In a two-page decision issued last Dec. 22, Judge Reynaldo Daway of the Quezon City RTC Branch 90 denied Reghis Romero’s petition for a writ of preliminary injunction against his son’s use of two deeds of assignment that were executed in 2011, which, according to Michael Romero, proves his ownership right over HCPTI.
The documents purportedly show Reghis Romero ceded control of HCPTI as early as March 2, 2011, through two deeds of assignment transferring 689,258,653 shares to his son’s holding company.
“After carefully considering the submission or arguments of the parties in their respective pleadings filed in relation to the plaintiff’s application for the issuance of a writ of preliminary injunction, this court is of the considered and humble view that the plaintiff had not been able to show his entitlement to the provisional relief of preliminary injunction,” Daway said in his decision that was released to the media by lawyers of the younger Romero.
The resolution, however, denied Michael Romero’s second motion to dismiss the civil suit filed by his father. This means the judge will proceed to hear the case to settle the ownership dispute.

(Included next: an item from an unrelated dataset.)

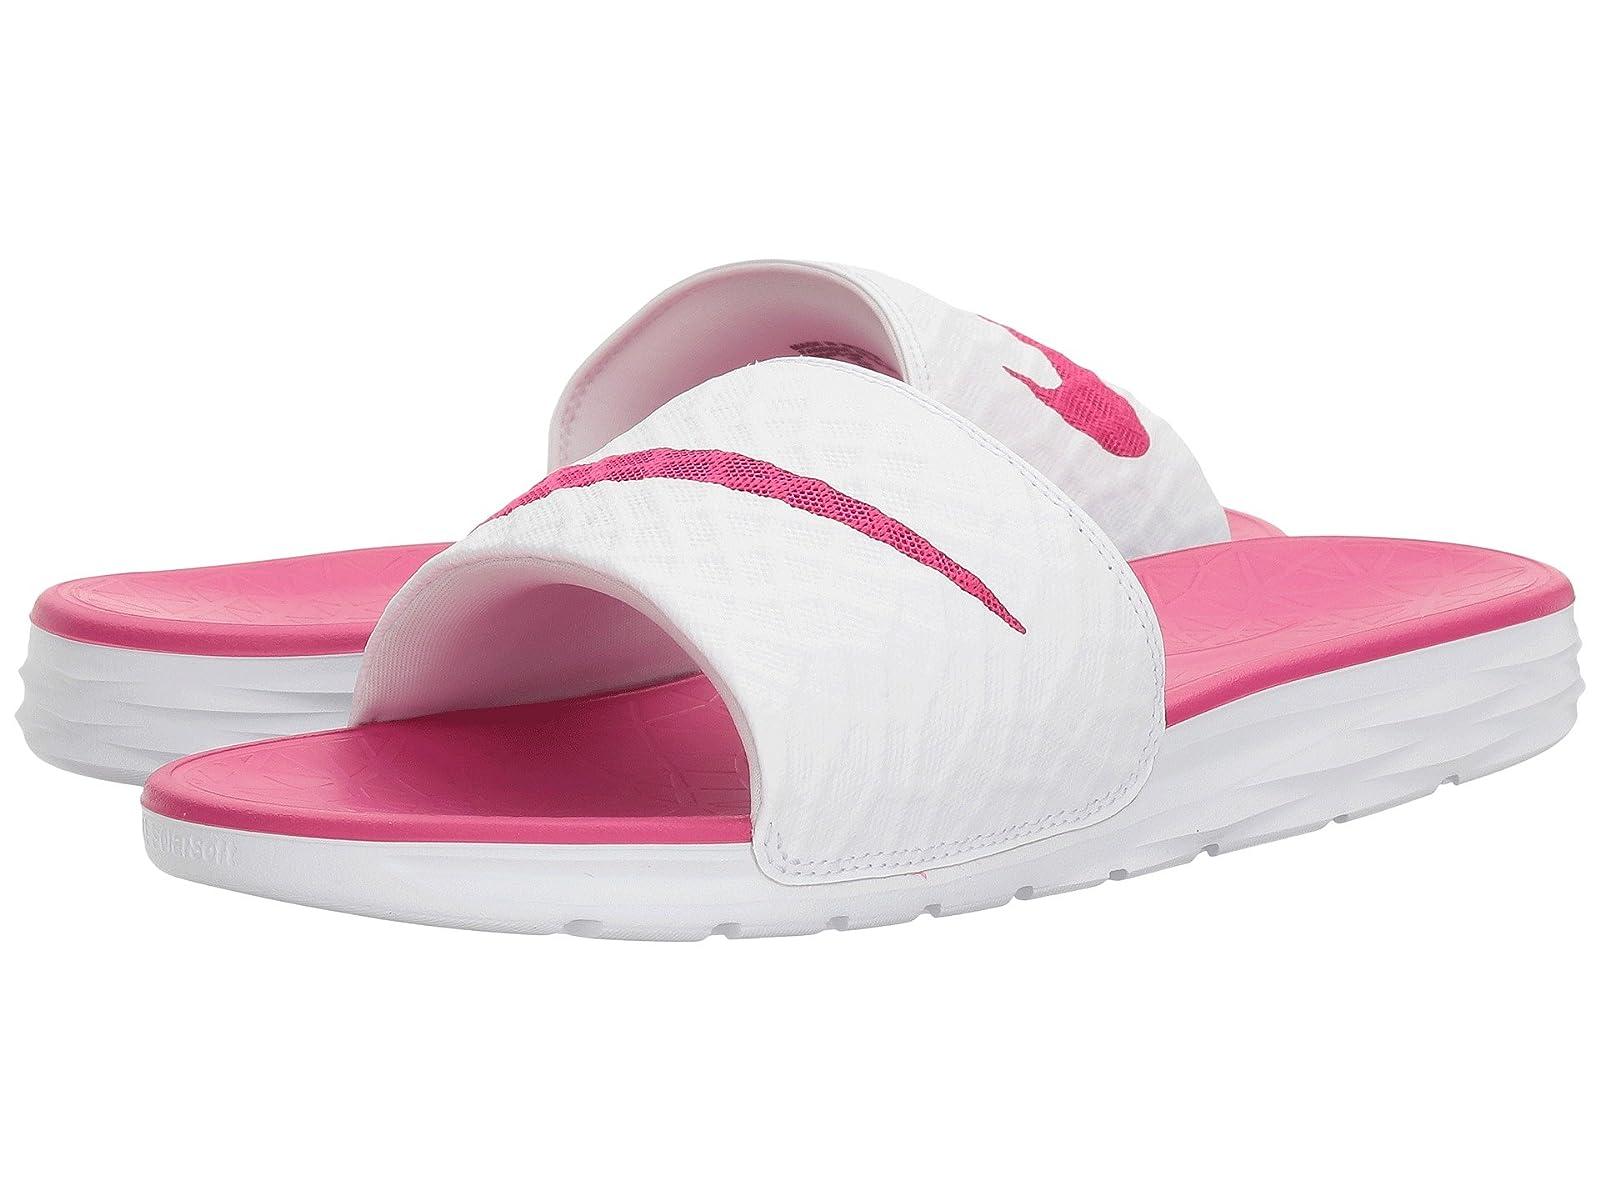 Nike Benassi Solarsoft Slide 2Atmospheric grades have affordable shoes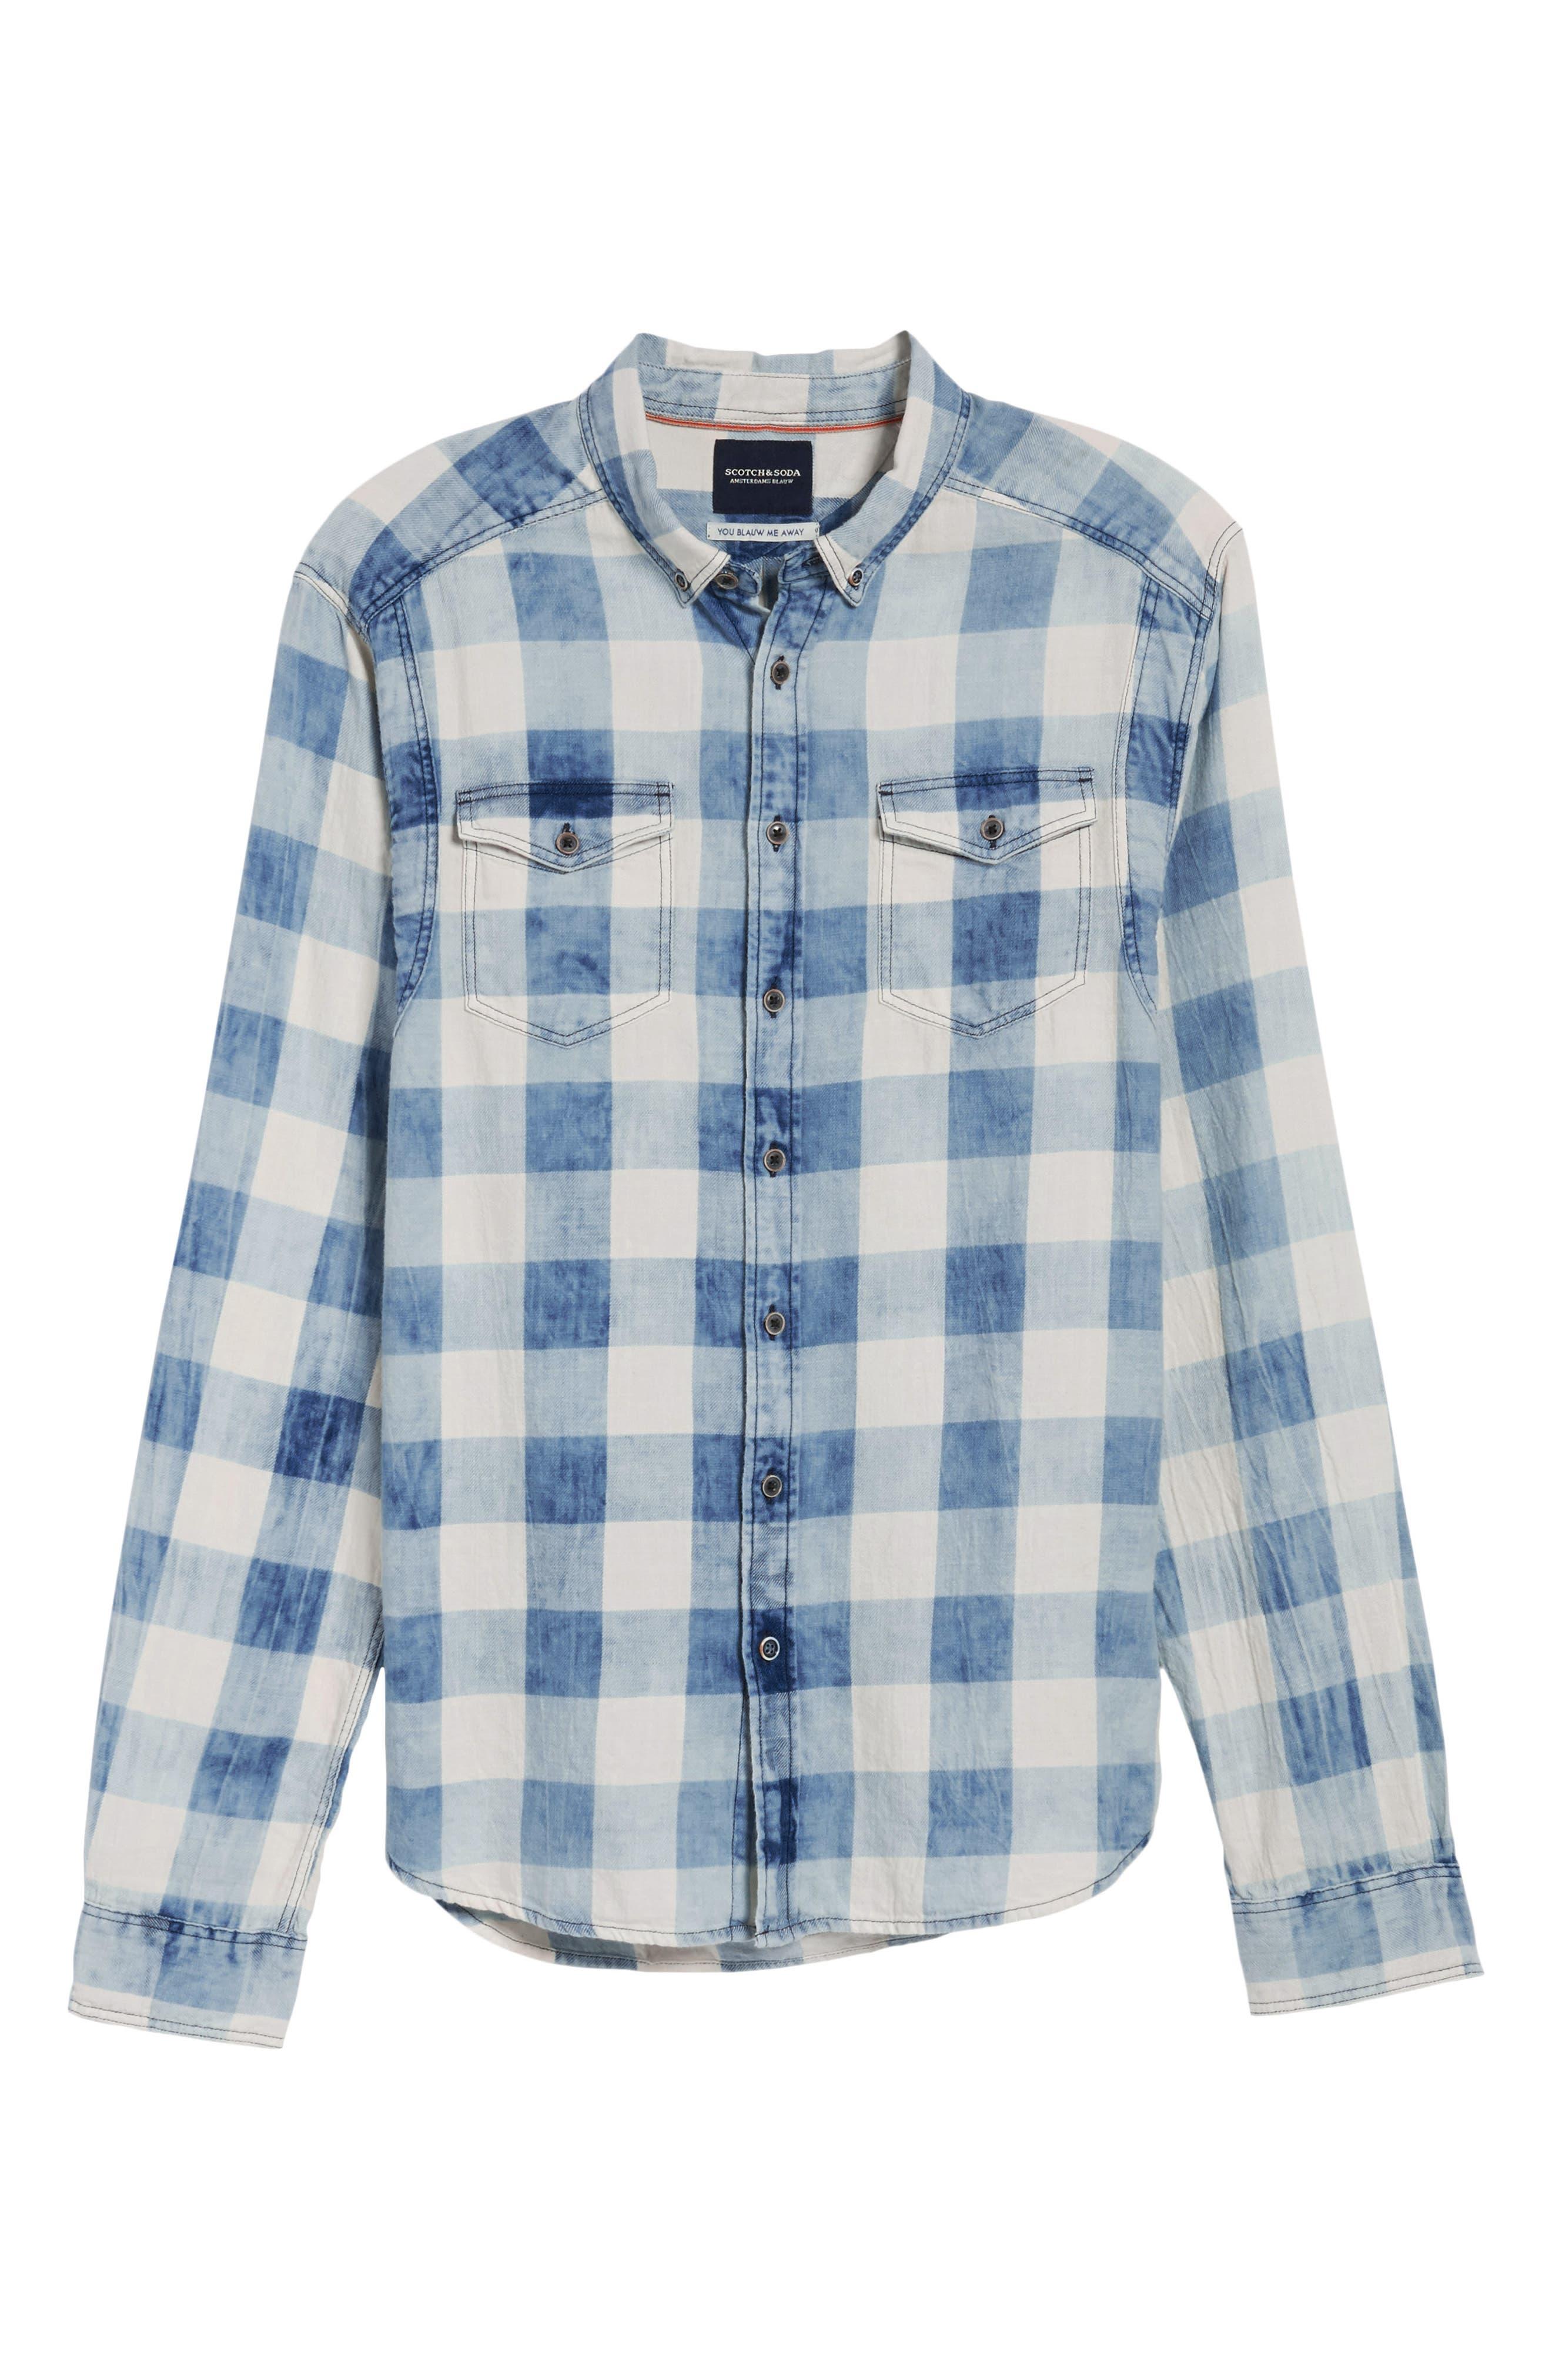 Amsterdams Blauw Check Shirt,                             Alternate thumbnail 6, color,                             400

Reghis Romero and his two companies that claim control over HCPTI—R-II Builders Inc. and R-II Holdings Inc.—have said the two deeds of assignment were fabricated. The elder Romero filed in April last year a civil case against his son to nullify the deeds.
The civil complaint was first handled by Judge Bernelito Fernandez of the Quezon City RTC Branch 97, who issued a 20-day temporary restraining order last May 5 stopping Michael Romero from exercising ownership over HCPTI.
Fernandez, however, inhibited himself from the case three weeks later following accusations of partiality in the proceedings. His action led to the postponement of hearings and the re-raffling of the case to Daway’s court.
According to Michael Romero’s camp, the Office of the Quezon City Prosecutor and the RTC have issued rulings recognizing his ownership of HCPTI.
But Reghis Romero said HCPTI’s 2014 general information sheet, stock and transfer book, and statement of management responsibility for the 2011 and 2012 statements that were submitted to the Securities and Exchange Commission showed that his two companies remained listed as the majority holders of HCPTI.
There is no record of deeds of assignment or any transfer of shares of stock to HCPTI, according to Reghis Romero.
The ownership dispute has led to the filing of suits and countersuits by both camps in various courts in Quezon City, Manila and Pasig City as well as in the Court of Appeals.